Ceux qui chantent les louanges de cette oeuvre, c’est bien l’aristocratique froideur de Valmont et de la Merteuil qu’ils admirent et qu’ils voudraient singer. Je les connais : ils sont de ces prophètes du néant hasardeux qui se plantent devant nos passions et nos espérances, et se pourlèchent de nous disséquer le coeur, de nous trancher les ailes avec leurs ricanements superbes et leurs phrases tranchantes comme des bistouris. Ils sont de ceux qui “fonctionnent”, faute d’envie - ou de courage - de vivre. Ils sont bien de la noblesse d’ancien régime, ces gens qui se font un mérite de ne rien croire qui puisse écorcher leur masque de glace. Mais ils finiront vérolés, comme la Merteuil, vérolés par l’amour qui saura bien tarir leur morgue et les amoindrir malgré eux.

J’enrage de voir avec quel respect on nous a présenté cette oeuvre. Attention, culture ! La dentelle, la poudre de riz et le langage noble défilent. Saluez, ploucs ! Et l’on nous pimente l’écran d’encens révolutionnaire et de libération féminine, pour faire moderne. Et l’on nous insinue l’orgueilleuse désespérance à la mode, le mépris hautain de toute naïveté, de toute ingénuité, vrais péchés capitaux. Manque l’amour, nom de dieu, sans lequel rien ne vaut ! Baudelaire avait raison : cette oeuvre est brûlante à la manière de la glace.
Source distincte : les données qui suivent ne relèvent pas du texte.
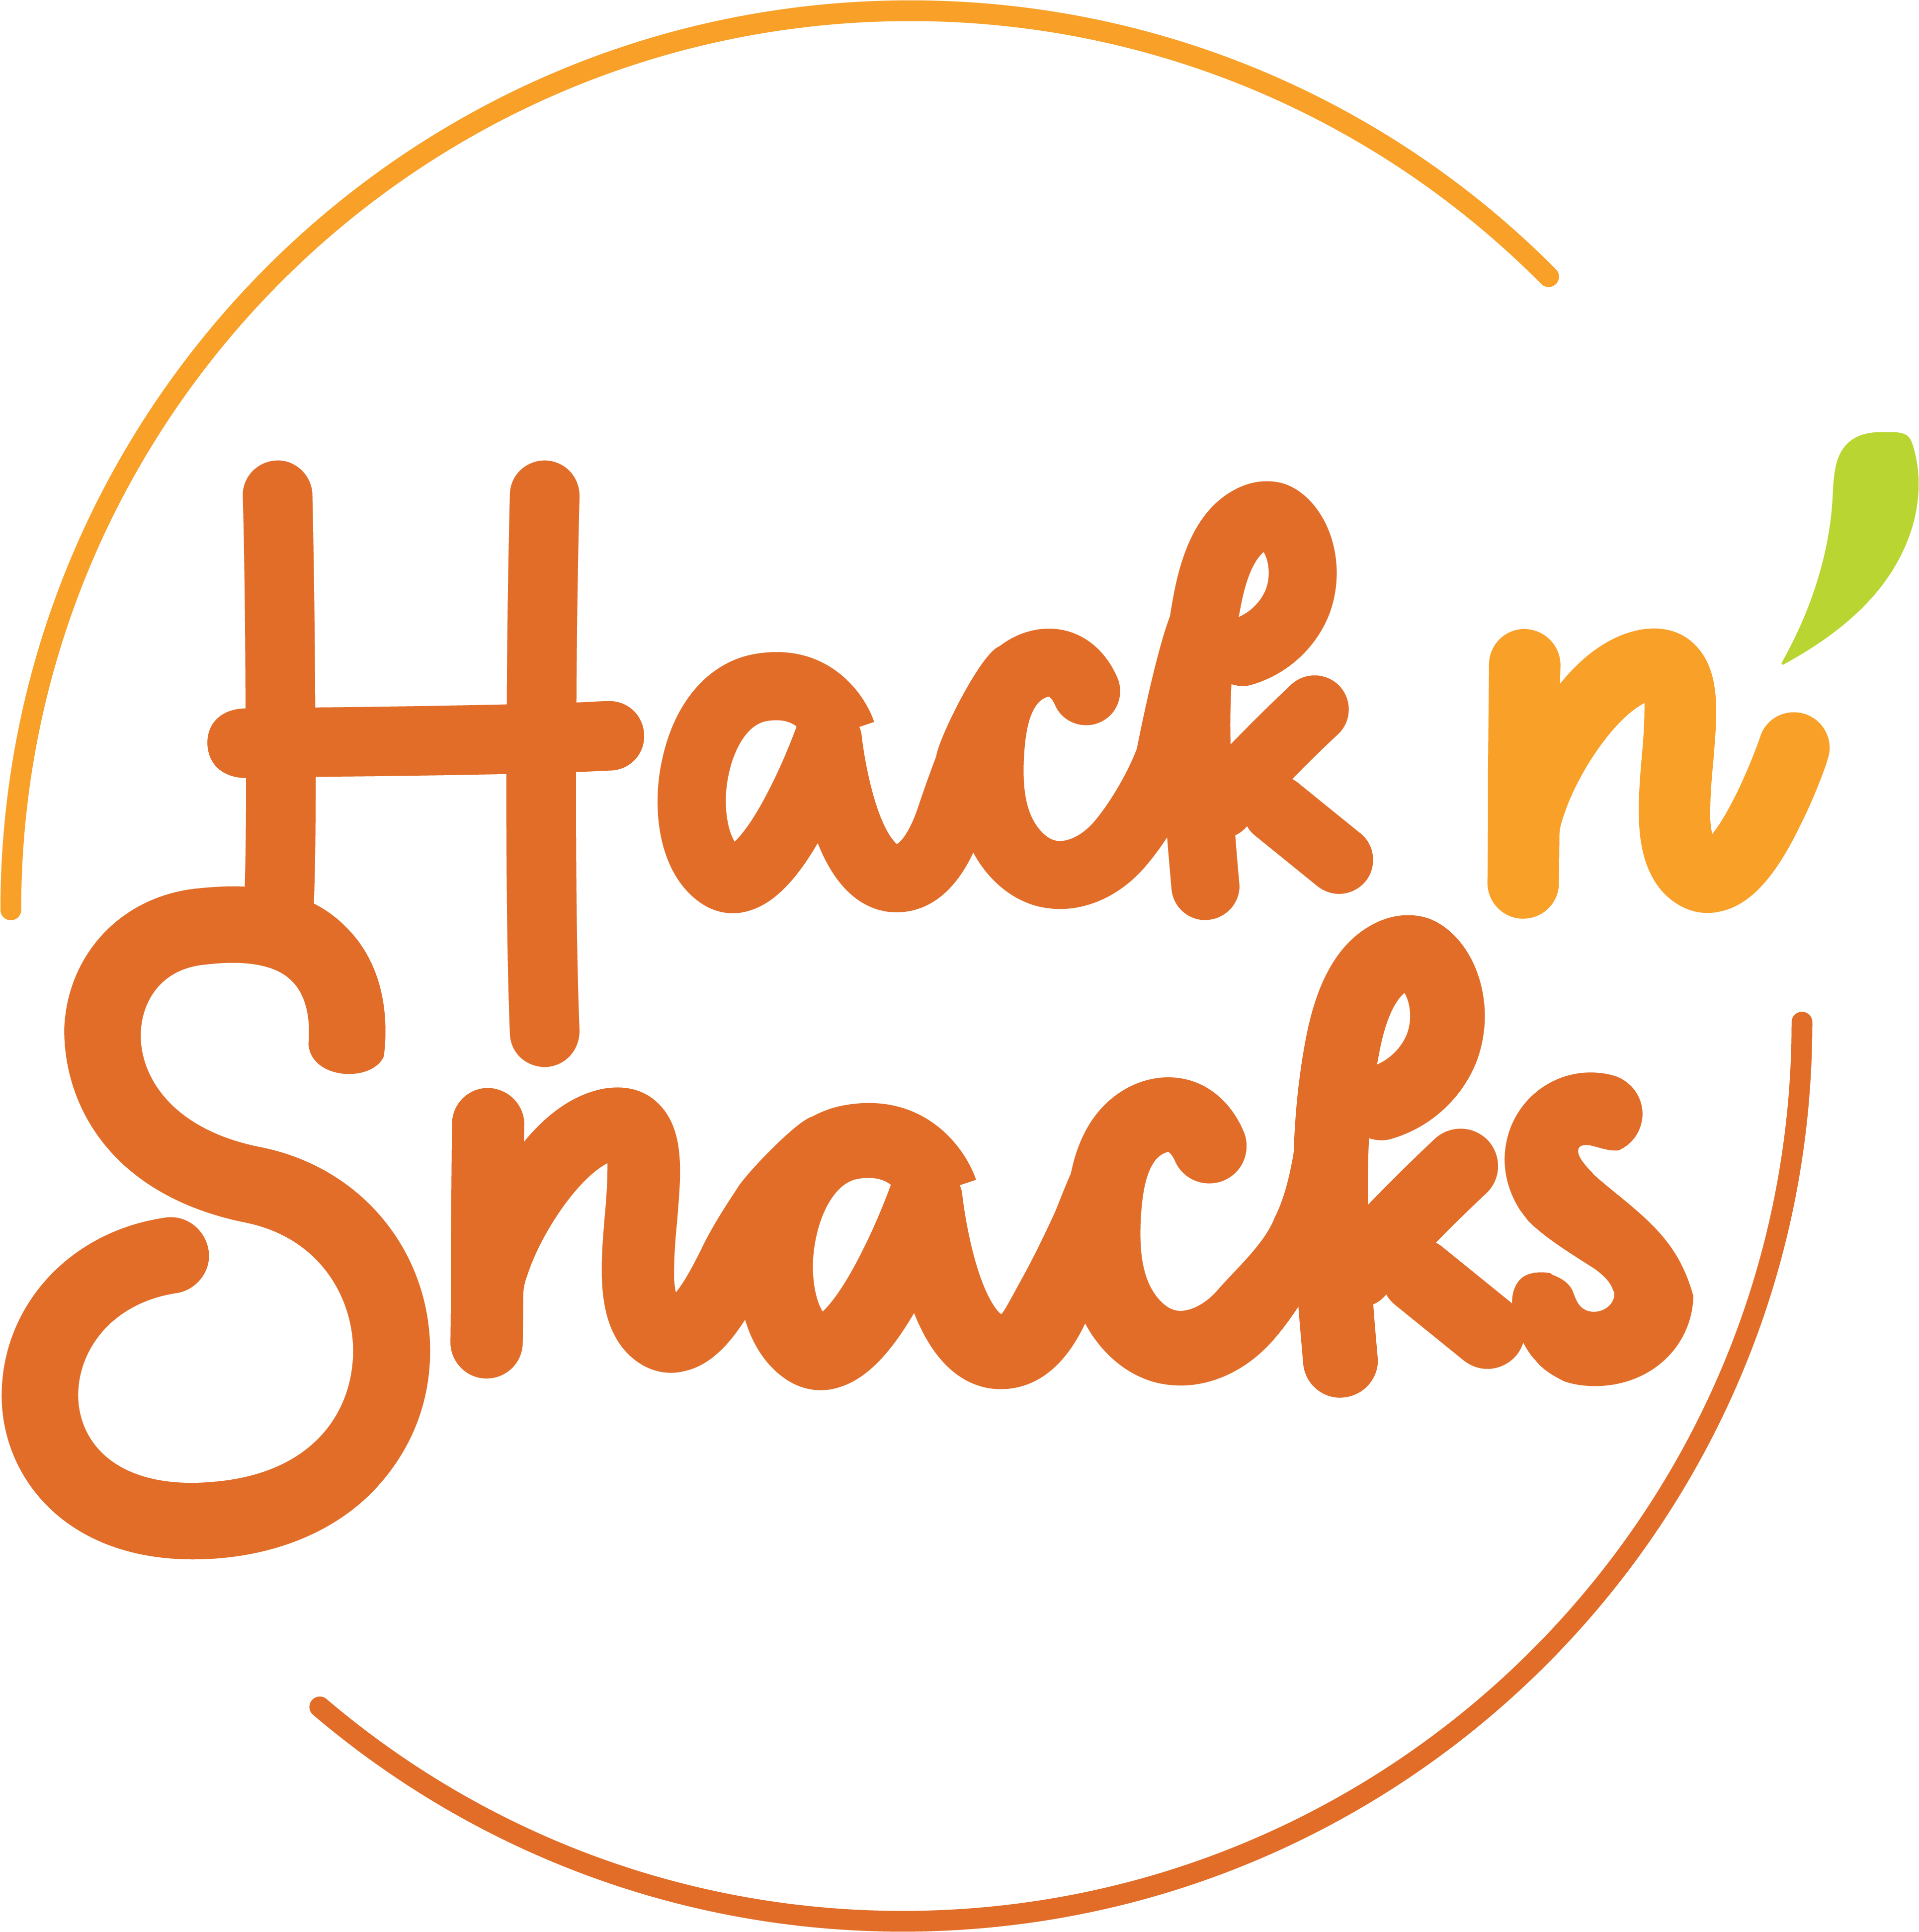 Hack_n_snacks logo 2 (original).png
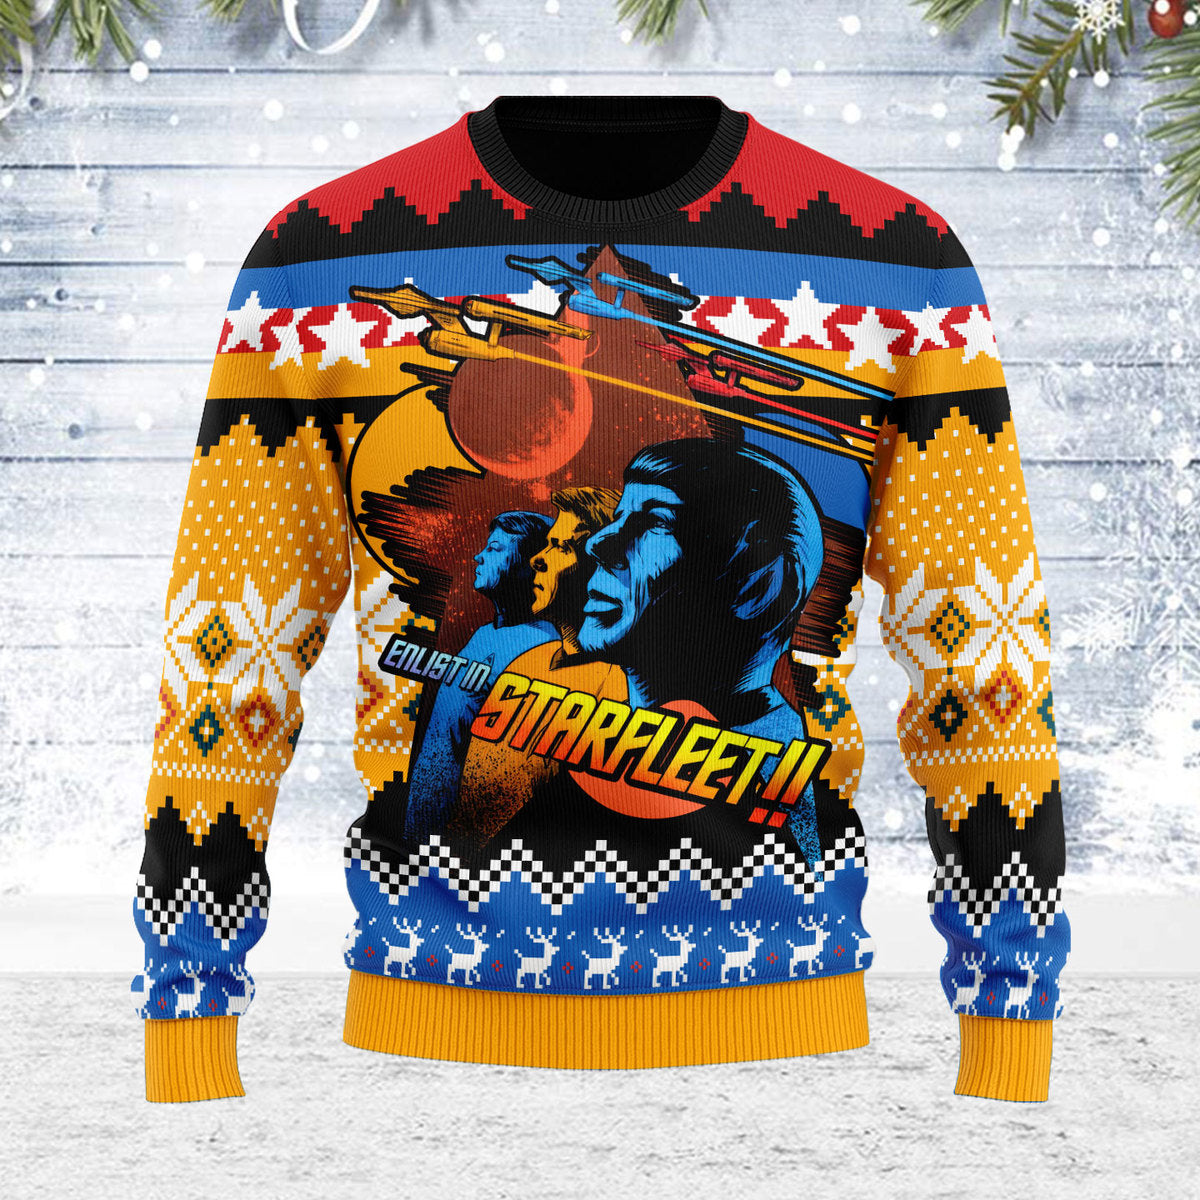 Star Trek Enlist in Starfleet!! Christmas - Sweater - Ugly Christmas Sweater

Mais finalement elle pose bien, face à face, les deux camps inconciliables. D’un coté celui des manipulateurs de l’esprit, de l’autre celui des ingénues séduites, des dévôtes passionnées, des brûlés du coeur. il faut choisir, messieurs mesdames, entre la vérole et le feu. “J’ai besoin d’avoir cette femme pour me sauver du  ridicule”, dit cet imbécile de Valmont. Il est terrifiant à force de futilité. Ceux qui, aujourd’hui, se bardent d’intelligence et de savoir pour se sauver du ridicule d’aimer la vie sont des Valmont. Je ne sais si vous avez remarqué, mas je ne suis foutre pas de leur paroisse.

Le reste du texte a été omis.